The money will help support LevelTen’s work with the Granular Certificate Trading Alliance, a collaboration it started last December in partnership with the Intercontinental Exchange, a data firm that operates global financial marketplaces. Together they’re building a platform for trading and managing “granular certificates,” hourly-matched energy certificates that will help corporations — and ideally the electricity sector at large — move to 24/7 hourly matching. Other partners to the alliance include Google, Microsoft, and the energy companies AES and Constellation.
To date, LevelTen has facilitated over $15.8 billion in power purchase agreements, asset sales, and other clean energy transactions, totaling over 7 gigawatts of clean energy. Overall, the company has raised more than $125 million, with past investors including the My Climate Journey Collective as well as the investment arms of oil and gas companies such as Equinor and TotalEnergies, which are adding renewables to their portfolios.
Bryce Smith, LevelTen’s founder and CEO, told me the platform will launch its first auctions for hourly-matched clean energy by the end of the year, with initial customers expected to be corporate partners like Google and Microsoft themselves.
“Corporates have been leading the way in a lot of respects and they're doing it again on the granular certificate front,” Smith said. He sees it as LevelTen’s job to get more industry players onboard by creating the transaction infrastructure to enable hourly matching. “So there's a bit of a ‘build it and they will come’ aspect to this,” he told me.
Realistically, though, it’s unlikely that the electricity industry will move towards 24/7 clean energy absent some serious incentives to do so. That’s why the Biden administration’s proposed hydrogen tax credit rules could be so powerful. They stipulate that to qualify for the largest IRA subsidies, clean hydrogen must be produced using a relatively new source of carbon-free electricity, generated within the same hour that it’s used and in roughly the same location. If these regulations aren’t deleted or seriously altered by this or another new administration (which they probably will be), power grids would have until 2028 to set up new systems for hourly accounting, thereby laying the groundwork for 24/7 matching across the electricity sector at large.

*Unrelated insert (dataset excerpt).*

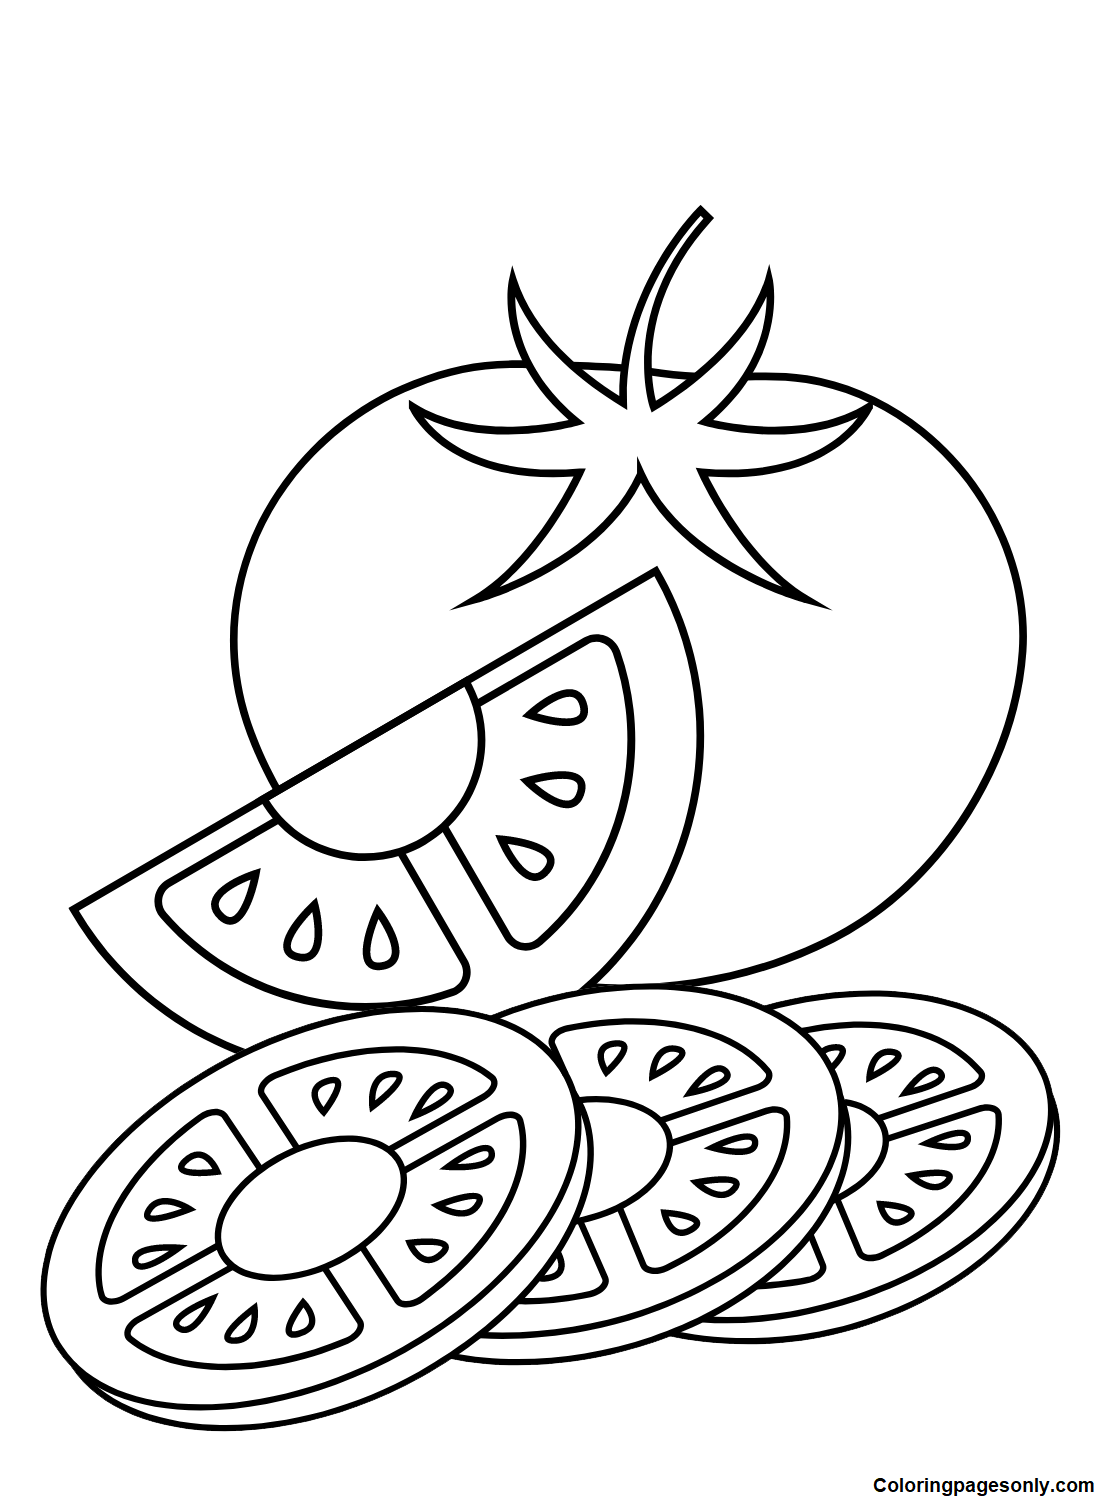 Club Sanwich with Tomato Coloring Pages
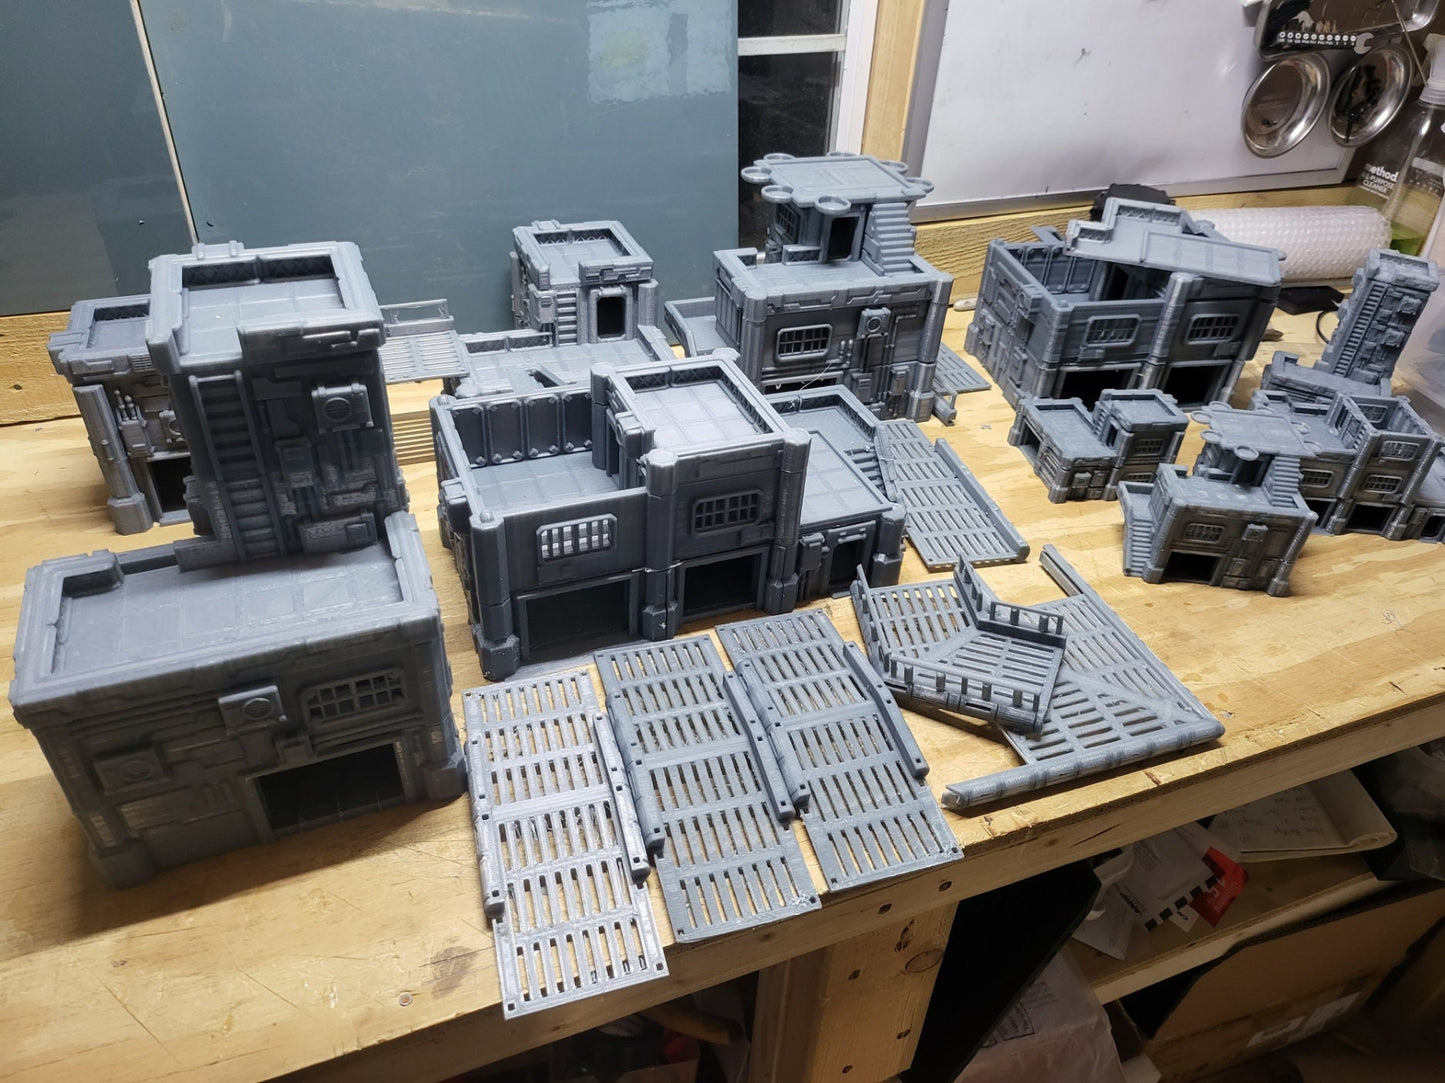 Power Station, Neo City, generator, station, shadowrun, Warhammer, Industrial, Sci-fi, Wargaming, Starfinder, Those Dark Places, Tales from the Loop Shadowrun,Scum and Villainy,Cyberpunk Red,Blue Planet, Tabletop Gaming, Tabletop Terrain, Warhammer

That potential, tenuous and unlikely though it may be, has LevelTen excited, and the company is leaning hard into hydrogen. LevelTen is a founding member of the Hydrogen Demand Initiative, a coalition formed by the Department of Energy to ensure that the clean hydrogen produced by the seven designated hydrogen hubs is actually sold. The DOE is allocating $1 billion to help catalyze demand, and it’s up to H2DI to figure out how to distribute that. “A component of that is figuring out how to bring buyers and sellers together easily and smoothly,” Smith told me. “And that's the role that we play in creating a marketplace where buyers and sellers can find each other and execute.”
Smith is aware that a change in administration could very well mean a change in the hydrogen tax credit rules, potentially decreasing incentives for green hydrogen and making hydrogen produced from natural gas with carbon capture and storage (“blue hydrogen”) or hydrogen produced without CCS (“gray hydrogen”) more attractive. He said the LevelTen platform would likely support transactions that involve a “variety of hydrogen colors and technologies.”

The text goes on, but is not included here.